### WHAT THE TASK ASKS
The pictures in the listing below are to be skipped, while the lines between the line holding "Muñeca-colgante con coral" and the line holding "Organigramm der MITRAS Holding", inclusive, are to be output exactly.

Start of LISTED ENTRIES

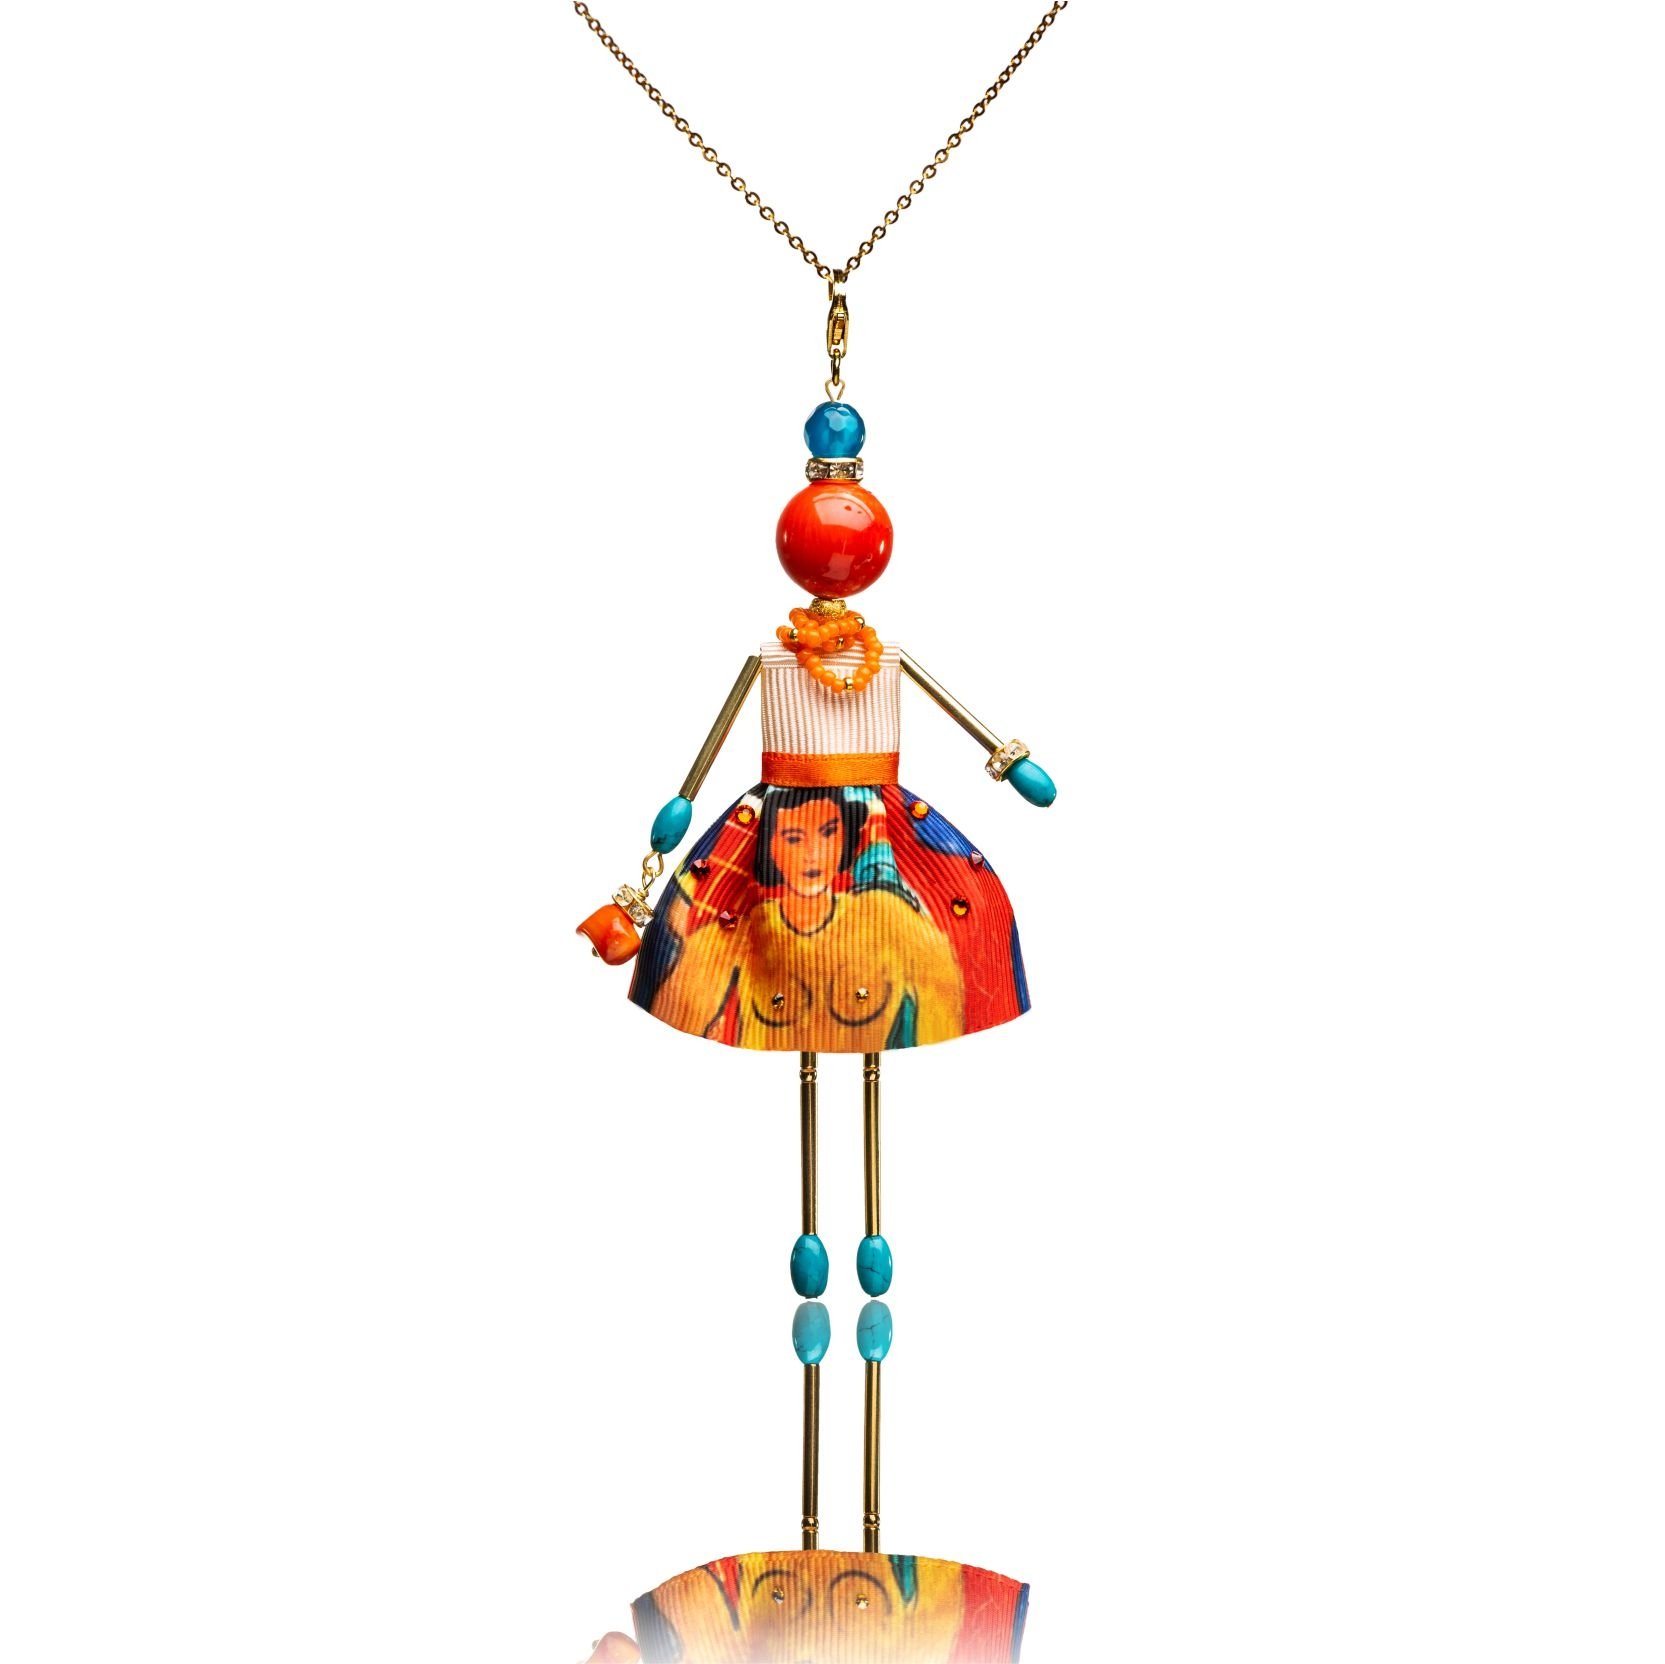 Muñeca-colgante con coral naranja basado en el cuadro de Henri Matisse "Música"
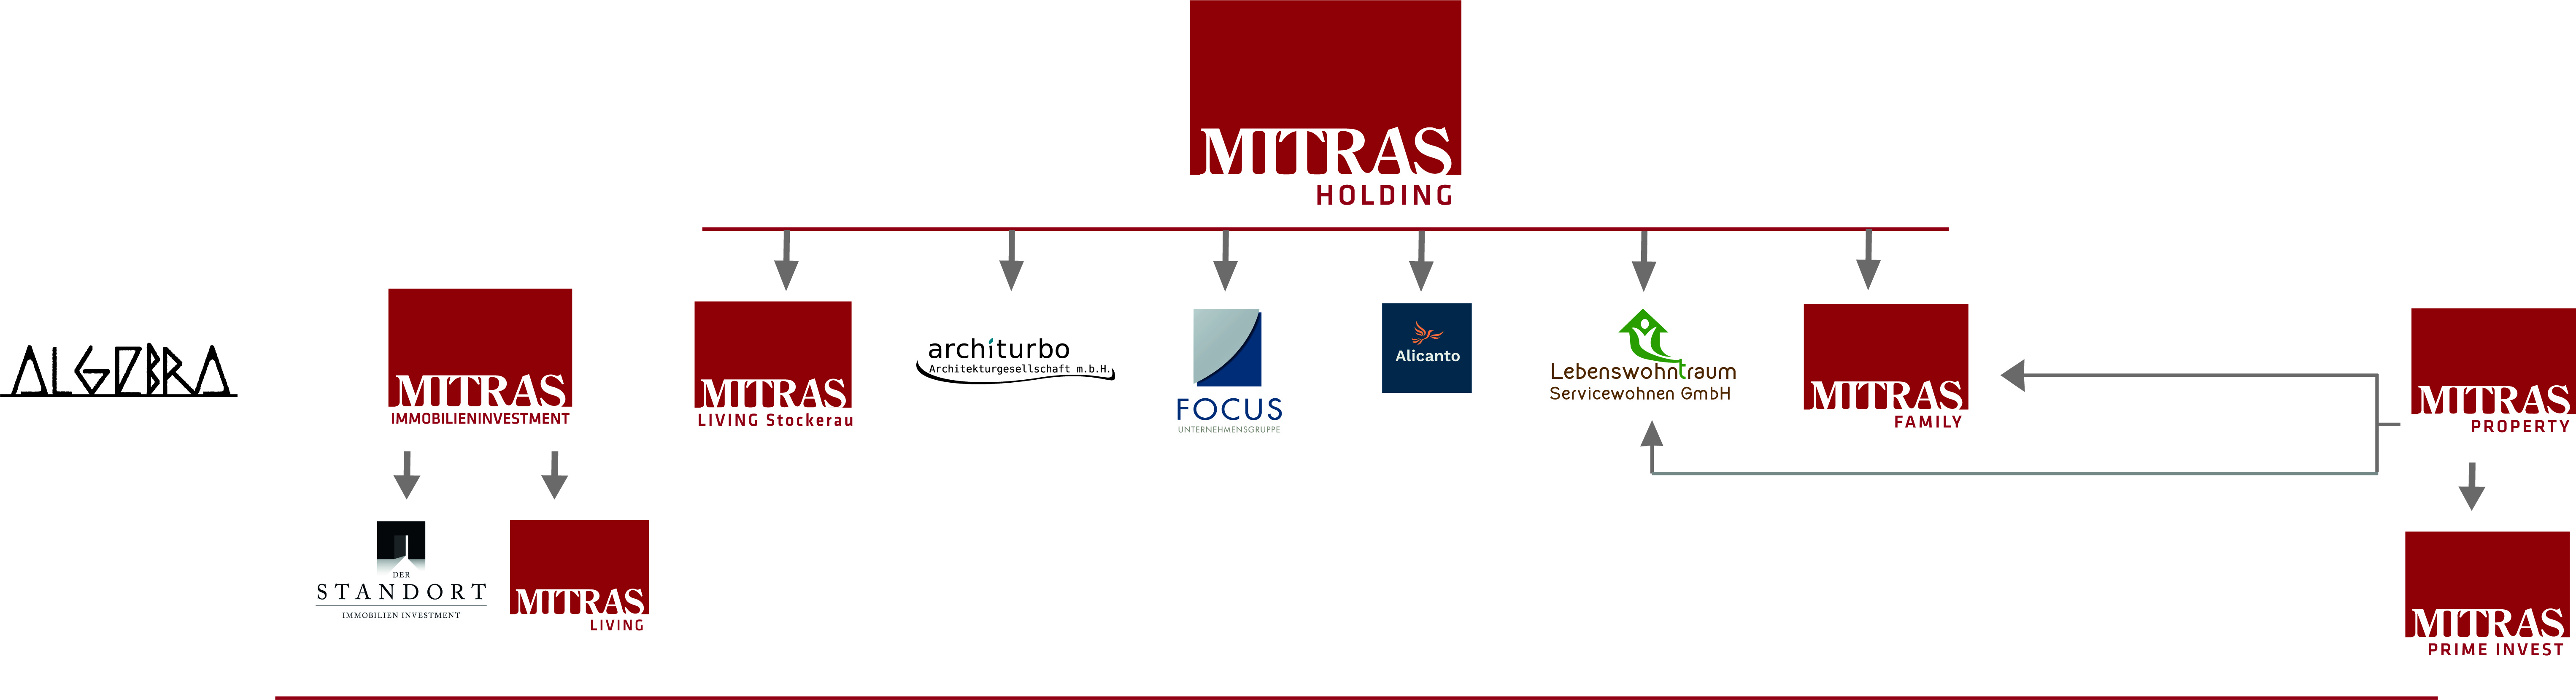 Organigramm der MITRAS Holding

End of LISTED ENTRIES
Start of LISTED ENTRIES

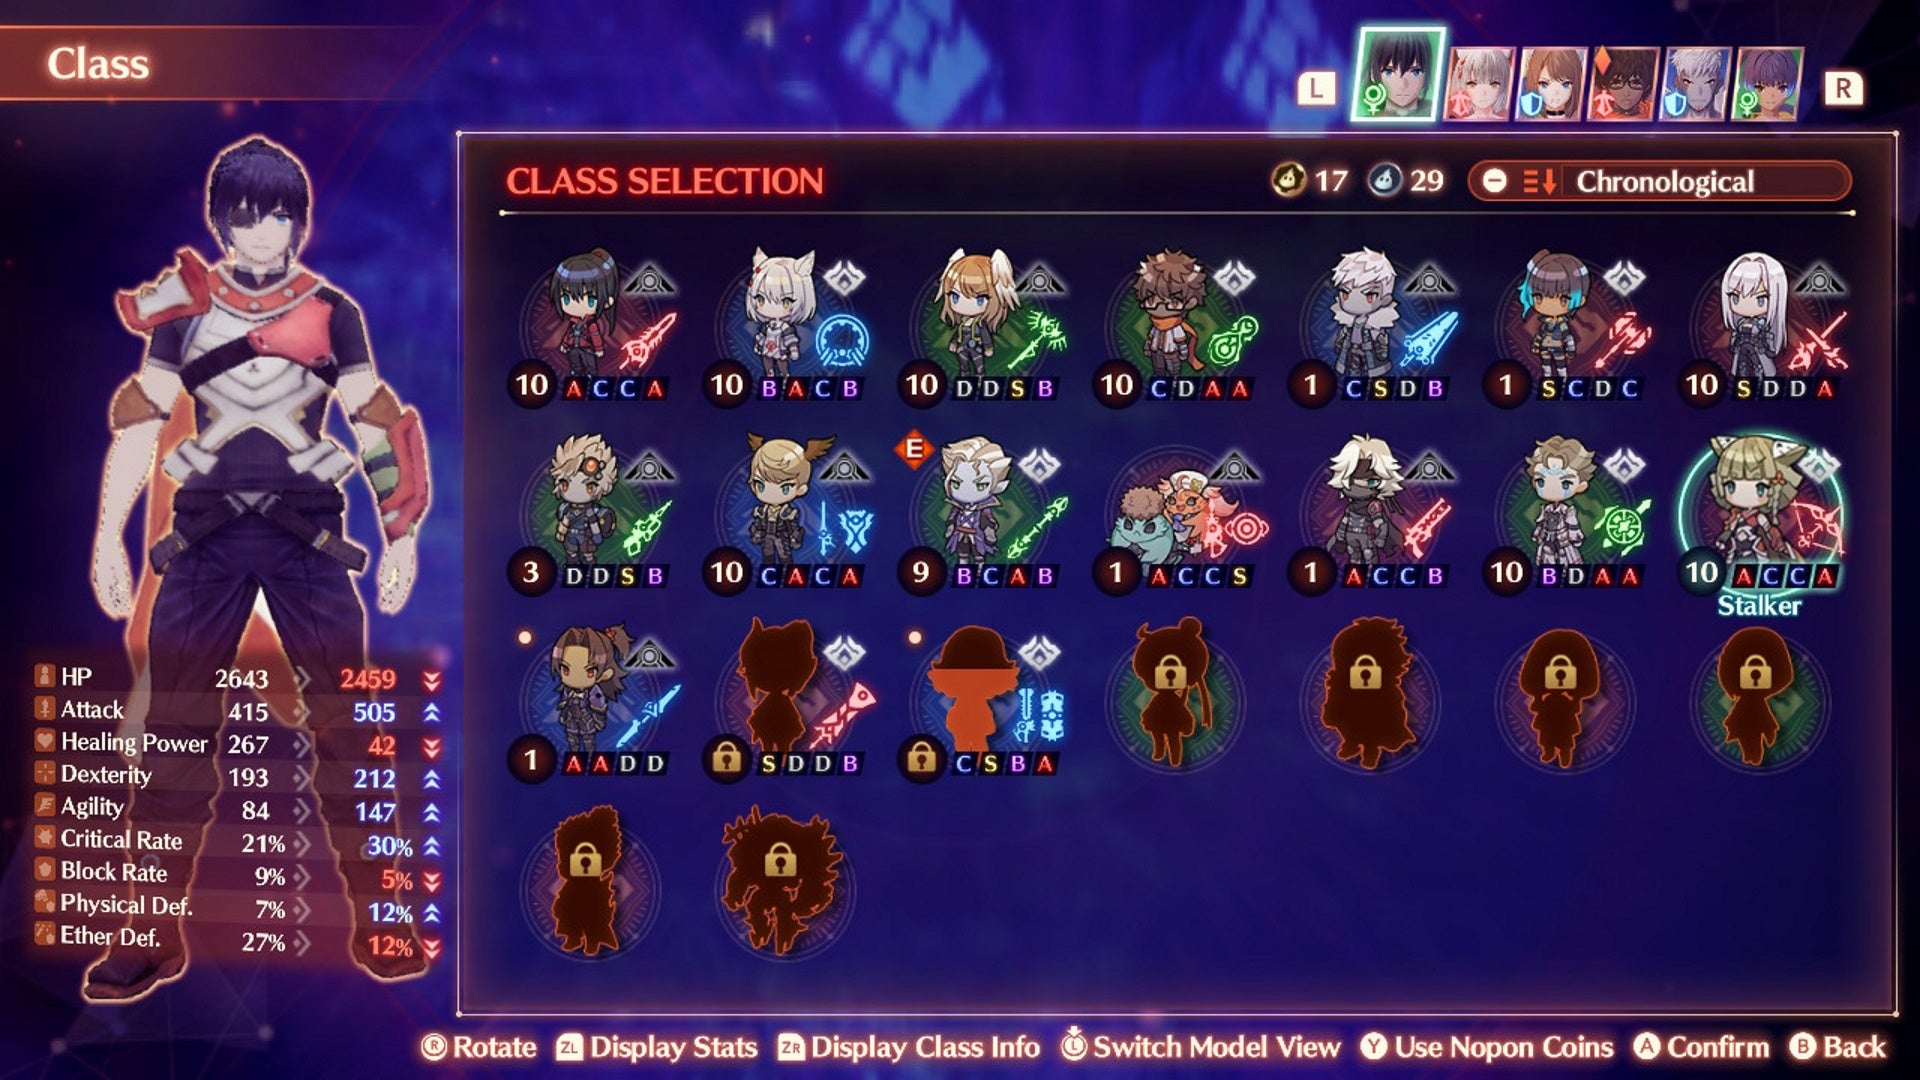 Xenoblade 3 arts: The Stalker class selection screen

End of LISTED ENTRIES
Start of LISTED ENTRIES

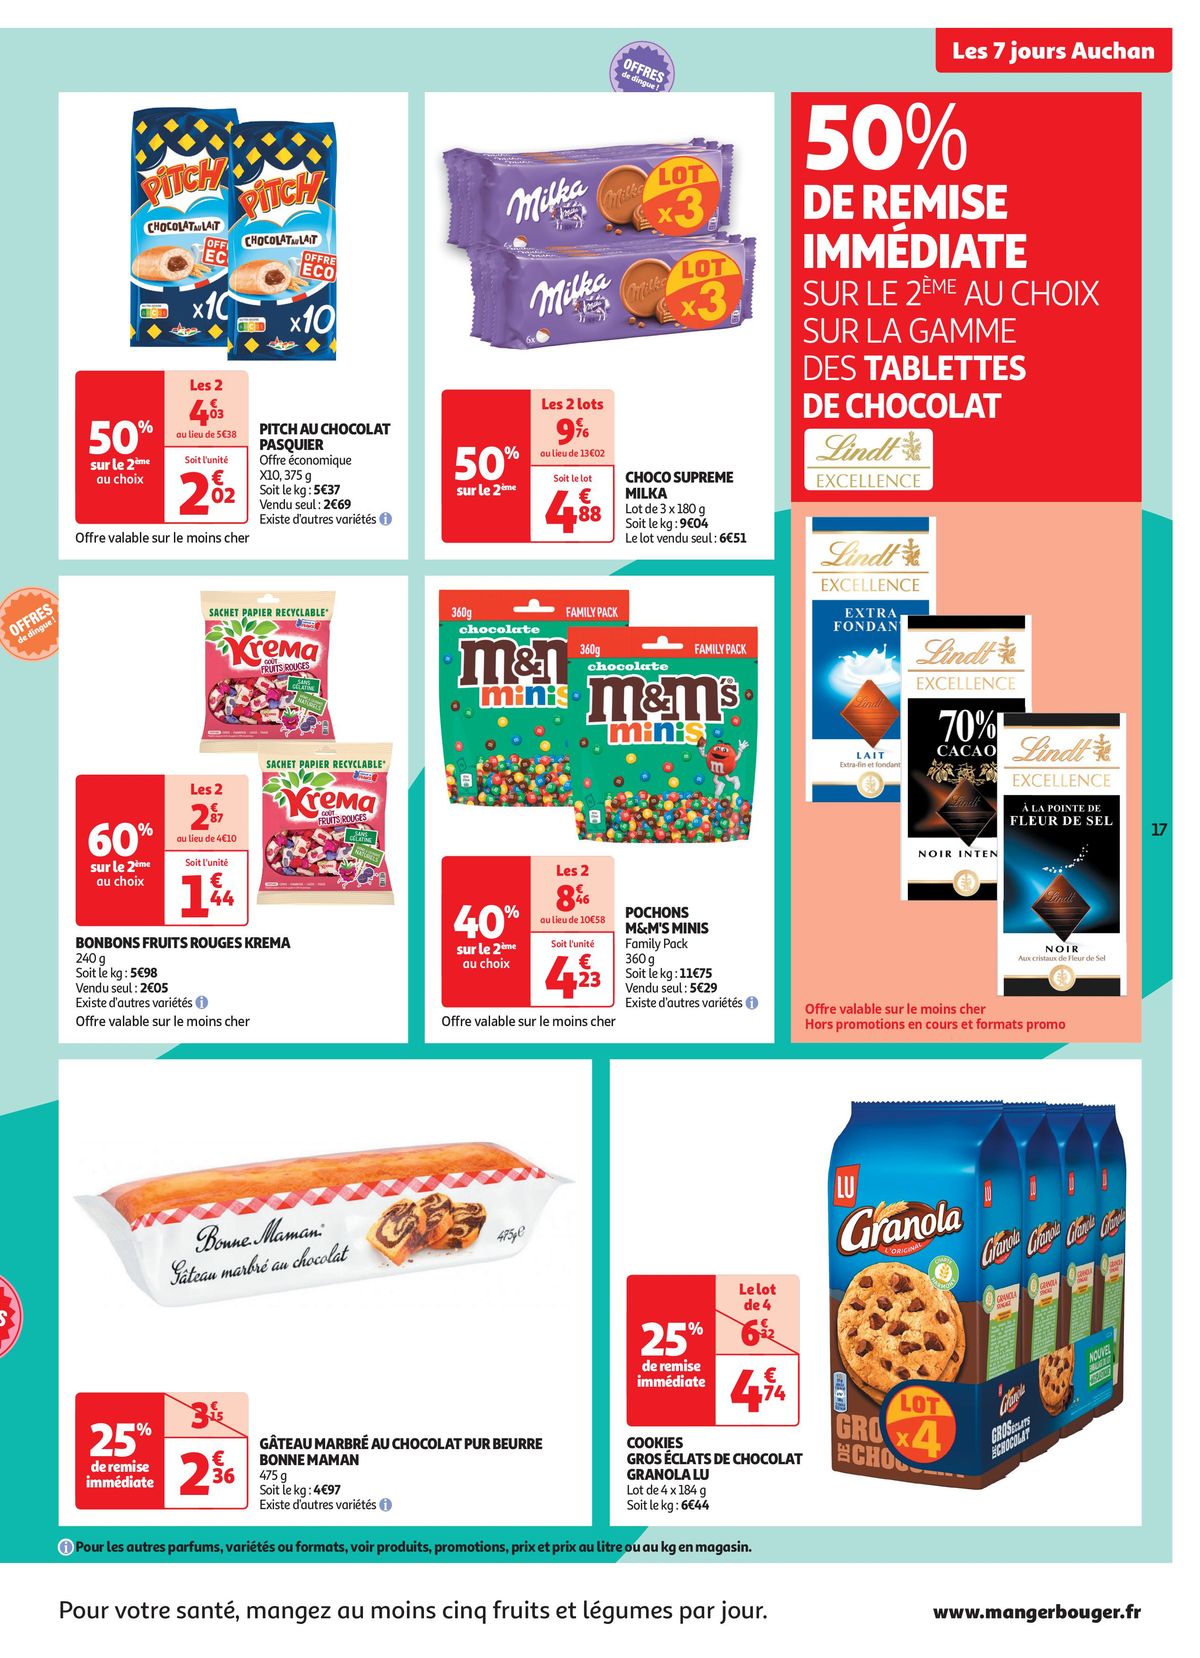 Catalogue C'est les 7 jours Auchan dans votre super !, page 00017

End of LISTED ENTRIES

### YOUR RESPONSE
 Muñeca-colgante con coral naranja basado en el cuadro de Henri Matisse "Música"
 Organigramm der MITRAS Holding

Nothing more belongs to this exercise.